→ **Task objective**: Only the lines from the beginning of the data through the line holding "Jay Bilas did" belong in the answer, printed exactly and without pictures.

→ **Data shown**:
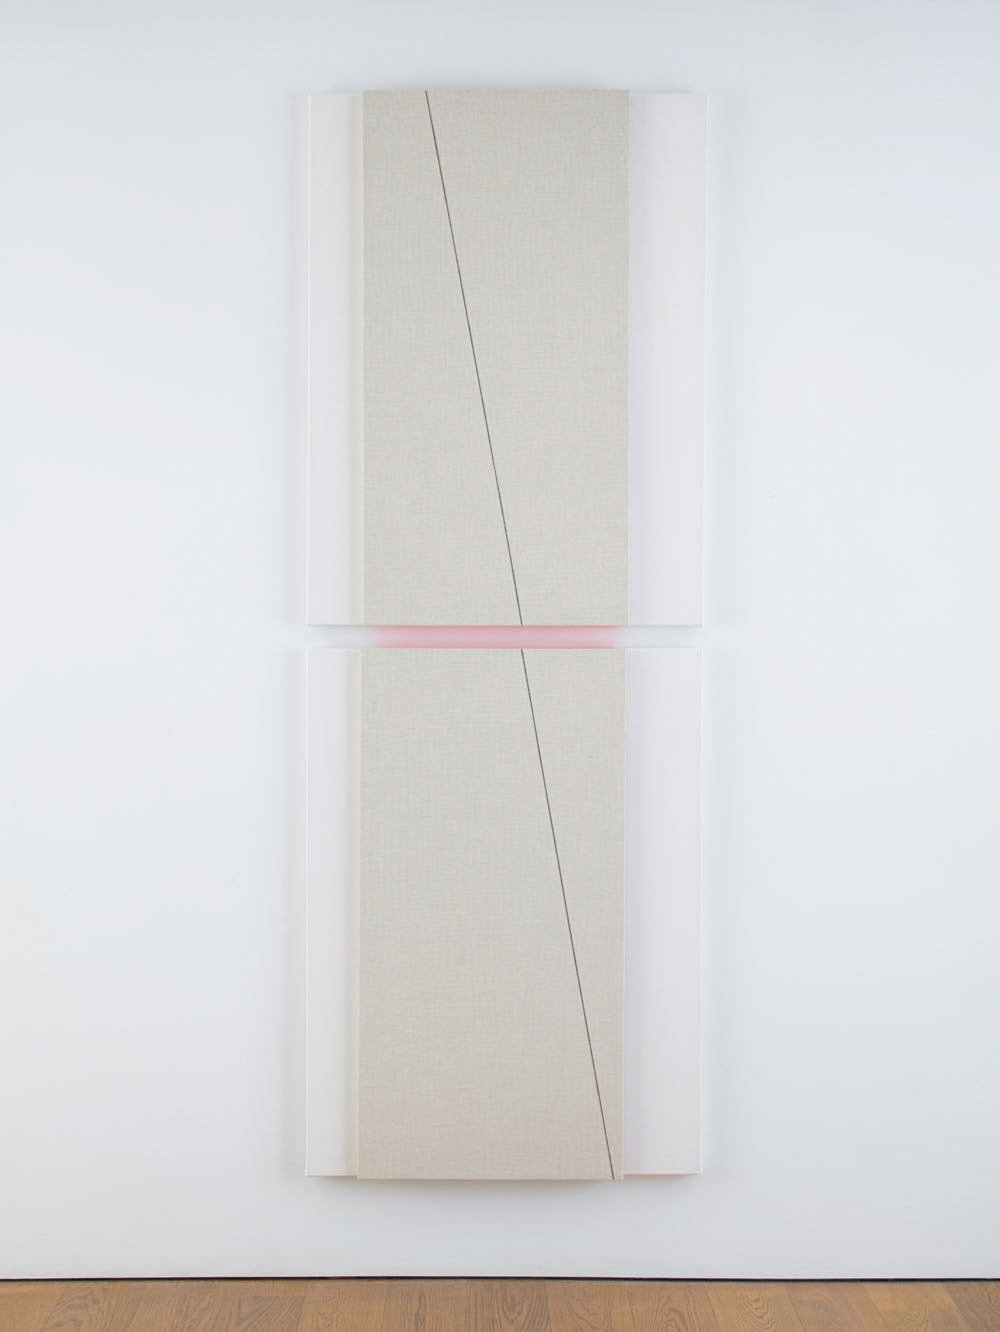  Vertical into Crescendo (light), 2014 --&nbsp;Acoustic absorber panel and acrylic paint on canvas 2 parts: 48 x 36 inches each, 98.25 x 36 inches overall 
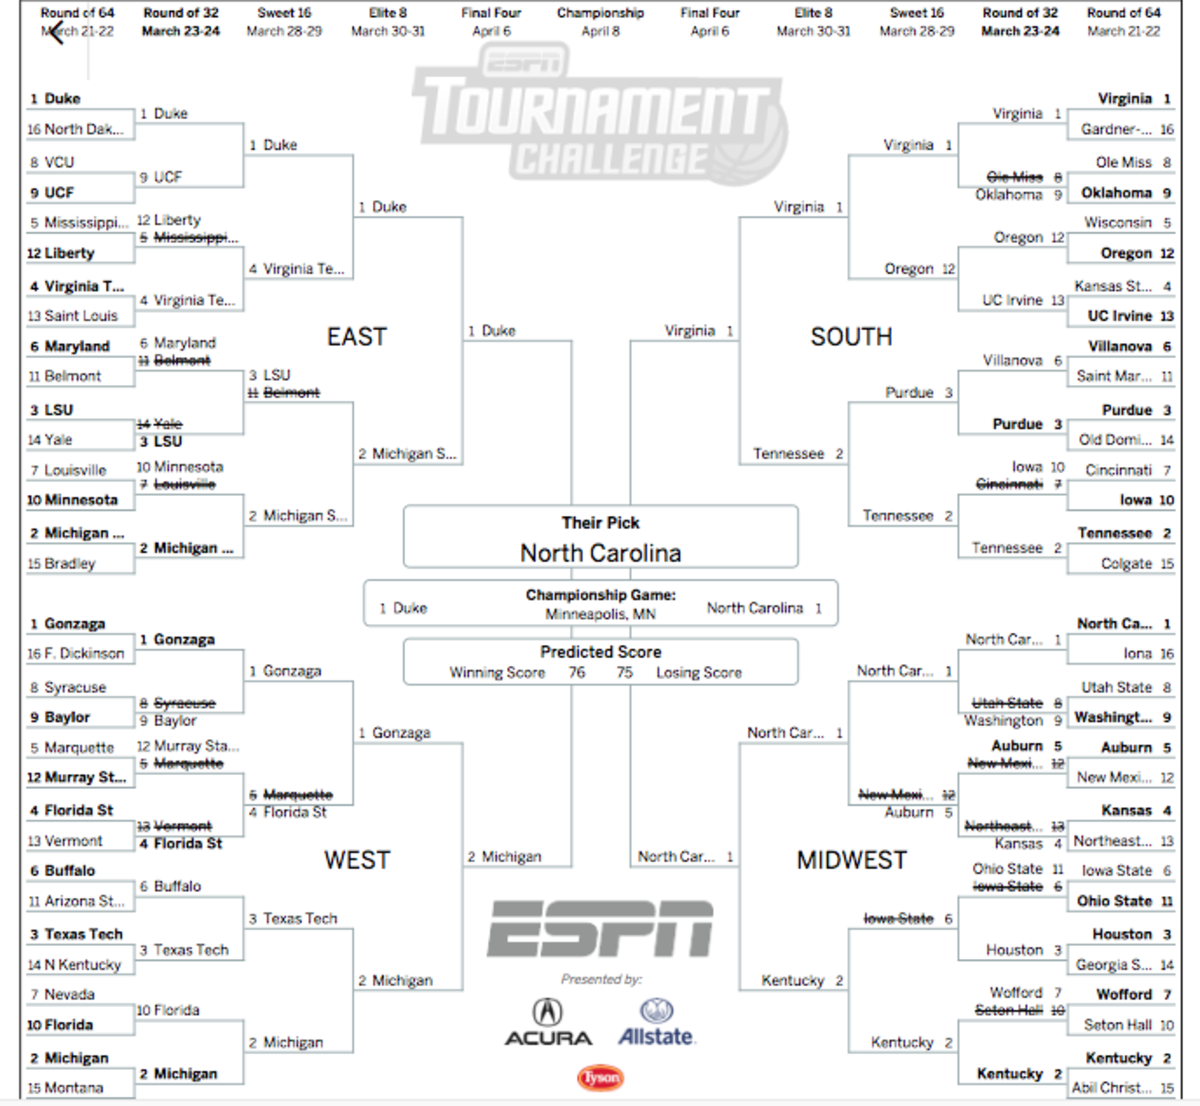 Jay Bilas did not have a good bracket in the 2019 NCAA Tournament.
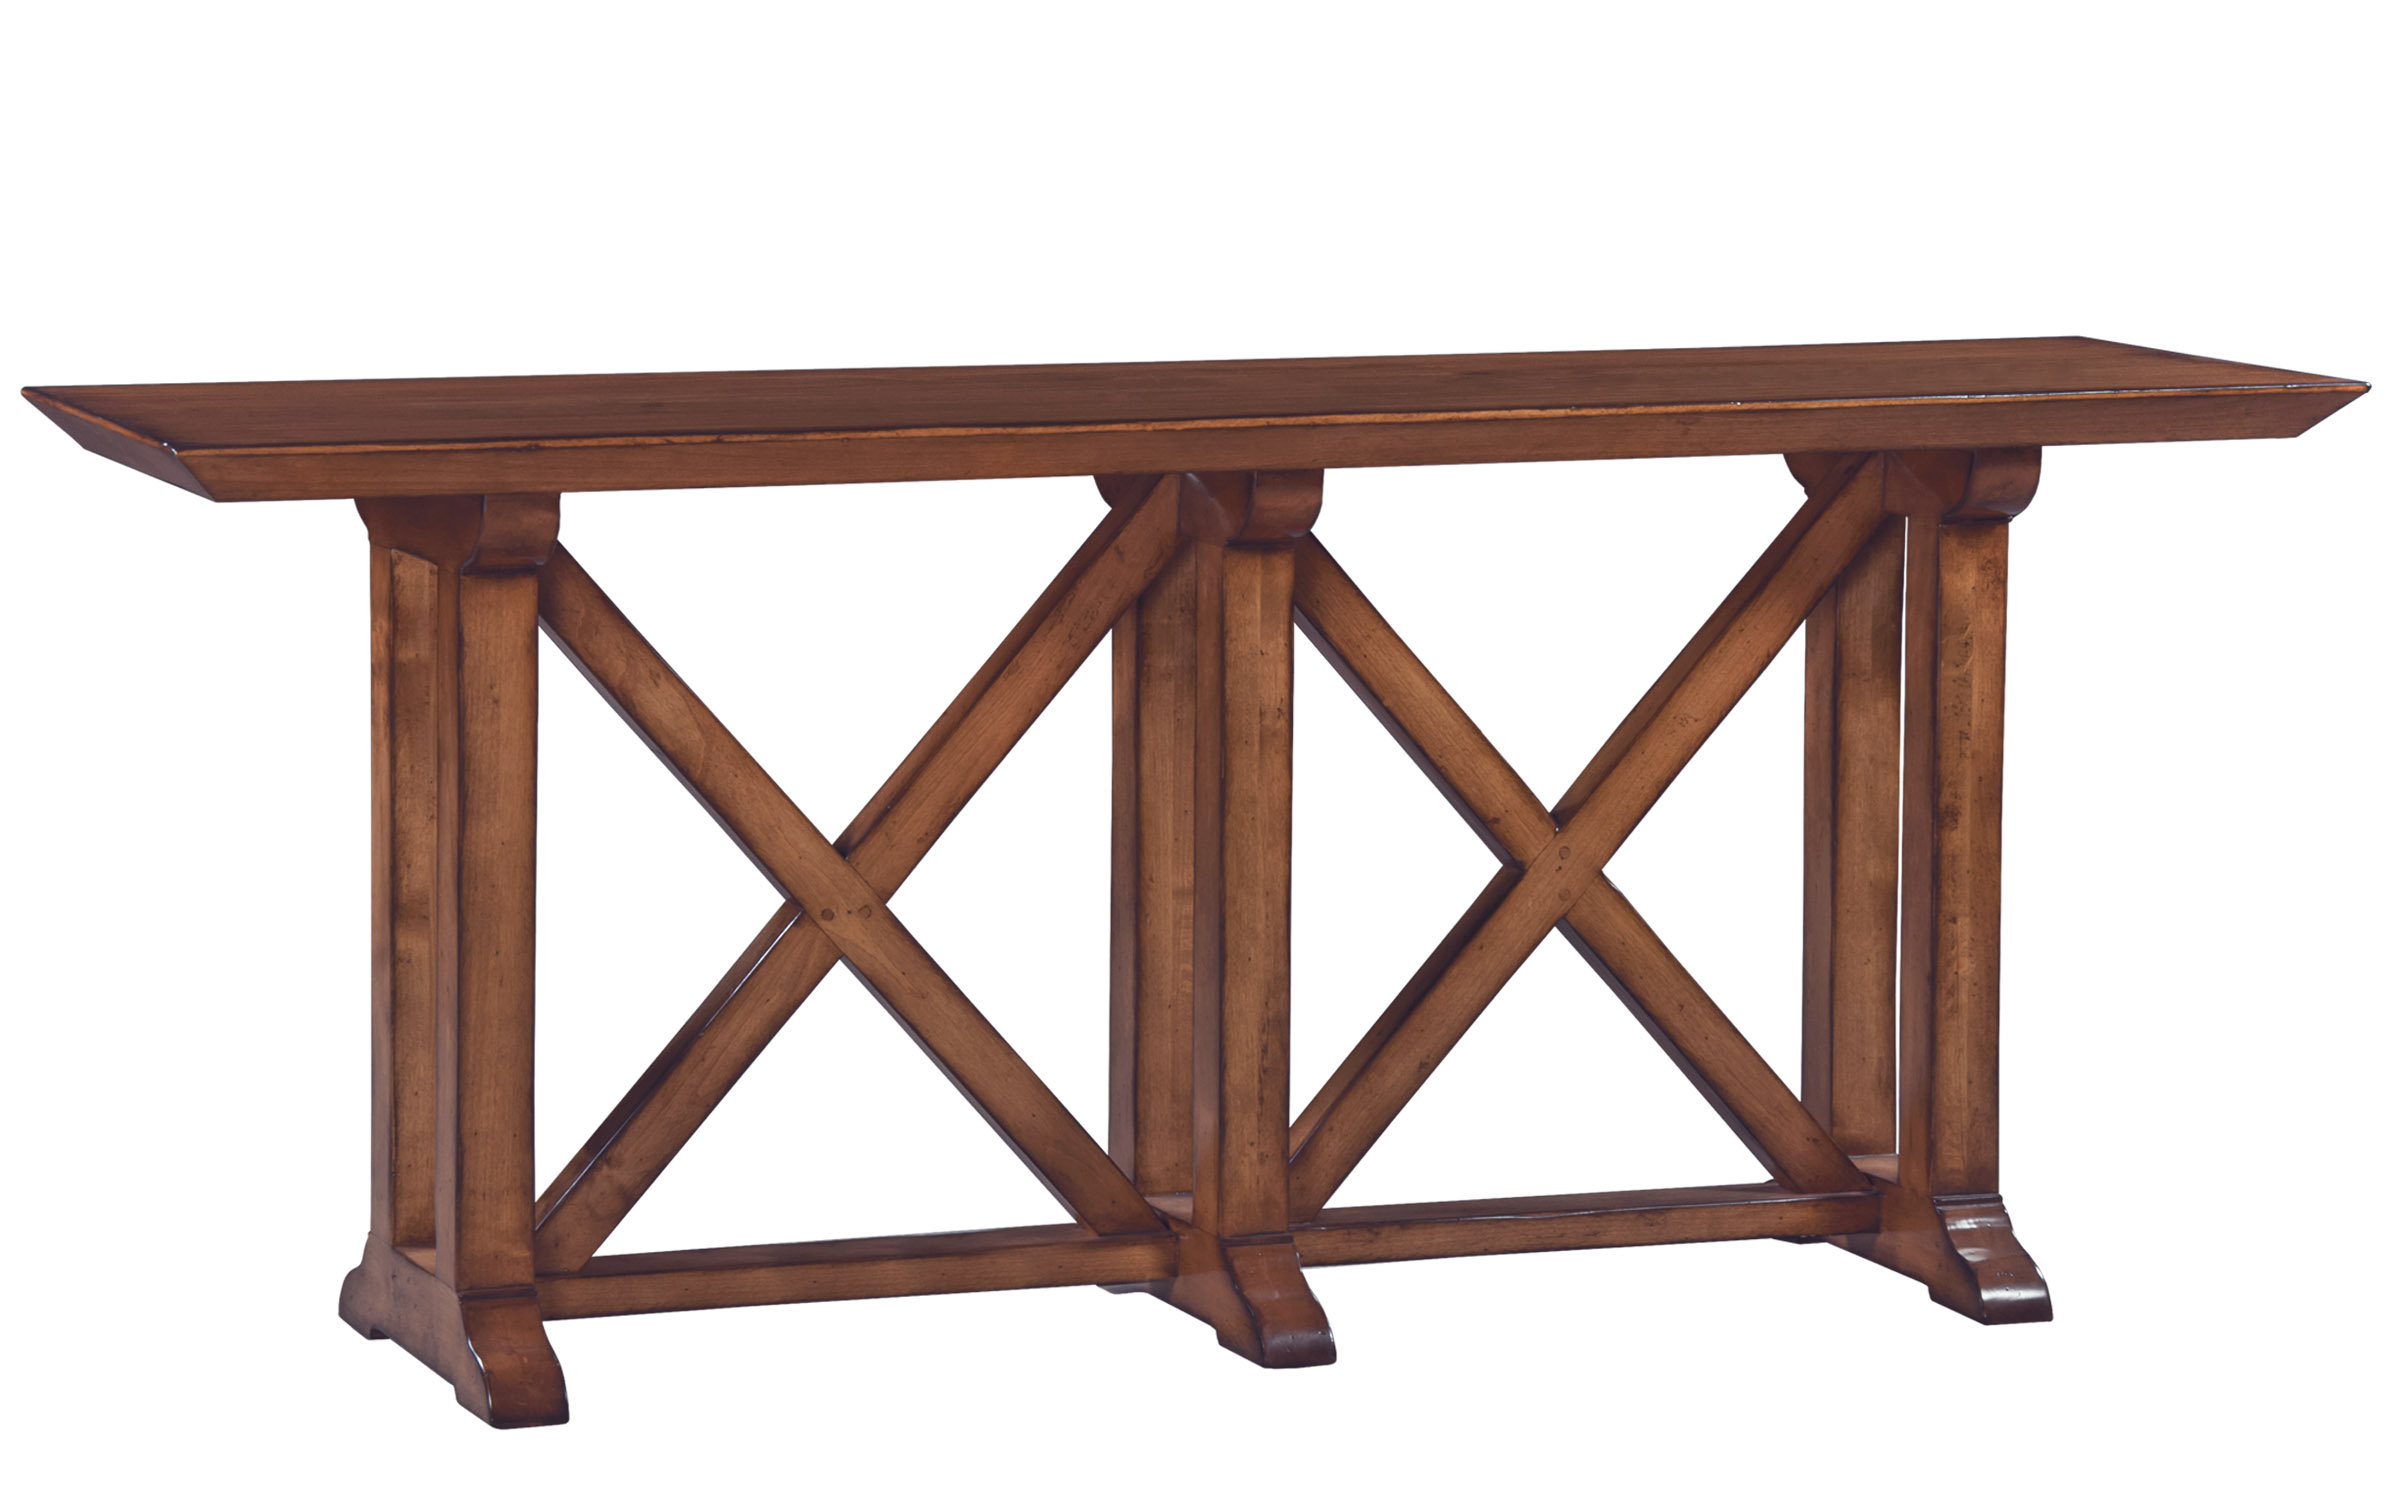 Xavier transitional contemporary sofa table console by Woodland furniture in Idaho Falls

→ **Written response**:
  Vertical into Crescendo (light), 2014 --&nbsp;Acoustic absorber panel and acrylic paint on canvas 2 parts: 48 x 36 inches each, 98.25 x 36 inches overall 
 Jay Bilas did not have a good bracket in the 2019 NCAA Tournament.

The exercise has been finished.